Czy w 2012 roku będziemy jeździć nowoczesnymi autostradami, ale utkniemy na dziurawych drogach lokalnych? Wszystko wskazuje na to, że tak właśnie będzie. Rząd, przygotowując narodowy program budowy dróg, zapomniał o finansowaniu gminnej i powiatowej sieci drogowej.
Realizacja programu w latach 2007-2012 będzie kosztowała 121 mld zł. Głównie są to środki na budowę 1,6 tys. km autostrad i 58 obwodnic, stworzenie sieci ponad 2,2 tys. km dróg ekspresowych oraz wzmocnienie nośności dróg krajowych. Na drogi zarządzane przez ubogie samorządy gmin i powiatów przewidziano środki w regionalnych programach operacyjnych. Problem polega na tym, że sieć tych dróg obejmuje ponad 377 tys. km, a pieniądze z UE to kropla w morzu potrzeb.

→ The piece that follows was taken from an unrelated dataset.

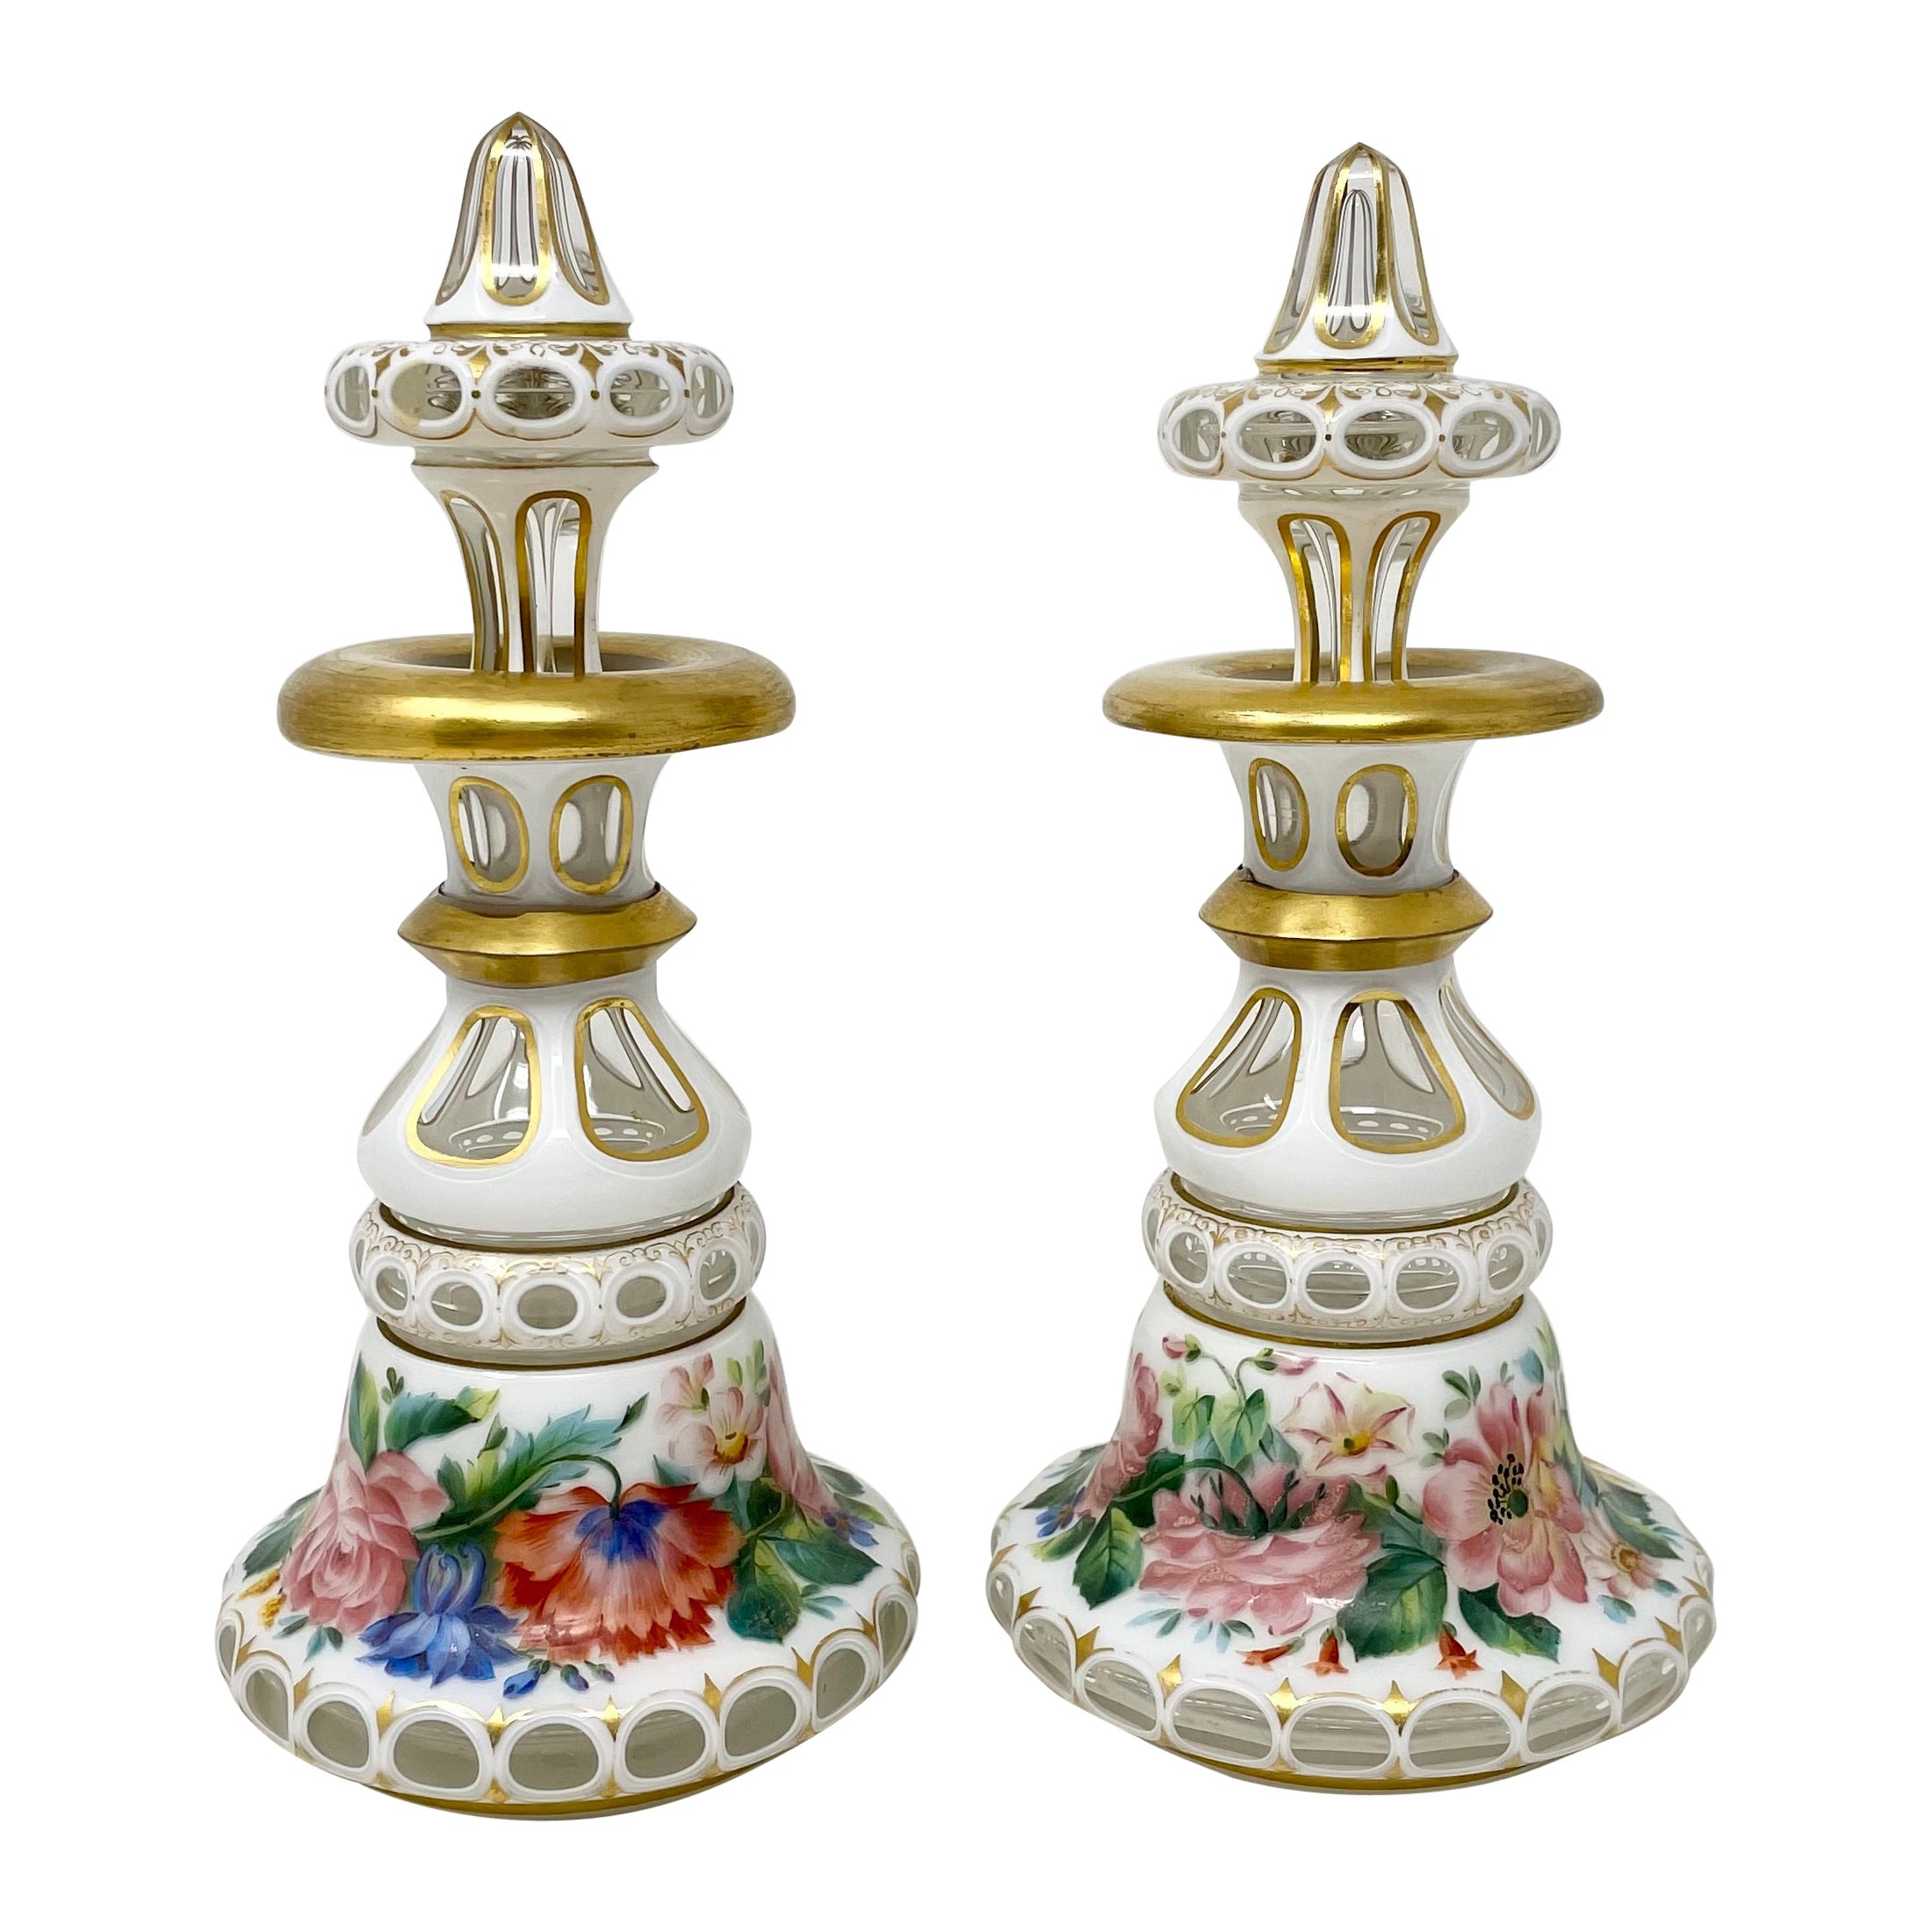 Paire de parfums anciens en opaline, vers 1860-1870

- Samorządy mają za mało środków na utrzymanie i rewitalizację dróg - uważa Grzegorz Stech, dyrektor Zarządu Dróg Wojewódzkich z Krakowa. Jego zdaniem, nawet pieniądze z regionalnych programów operacyjnych w 40 proc. są przeznaczone na projekty zgodne ze strategią lizbońską. Nie zalicza się do nich infrastruktury drogowej. - GDDKiA nie przewiduje budowy połączeń między głównymi węzłami komunikacyjnymi a istniejącą siecią dróg. Nie zarezerwowano również pieniędzy na odszkodowania za drogi zniszczone przy dowozie ciężkiego sprzętu i materiałów potrzebnych przy budowie autostrad - mówi Stech. Problem jest poważny, bo podczas niedawnej przebudowy krótkiego odcinka Zakopianki zniszczono około 150 km dróg lokalnych.
- Budując drogi ekspresowe i autostrady, realizujemy węzły, które stanowią powiązania z istniejącą siecią dróg. Resztą powinny się zająć samorządy - mówi Zbigniew Kotlarek, dyrektor GDDKiA. Jego zdaniem, na szczeblu lokalnym brakuje zarówno organizacji, jak i pieniędzy. Stąd też oczekiwania, że w ramach finansowania głównych korytarzy transportowych zostaną przewidziane środki na realizację dróg dojazdowych. - Powstaje pytanie, w jakiej skali i w jakim zakresie zarządcy dróg krajowych są odpowiedzialni za ten proces? Niestety, każdy musi robić swoje. Nie możemy się podjąć budowy sieci dróg lokalnych, bo nie mamy takich uprawnień ani możliwości - dodaje Kotlarek.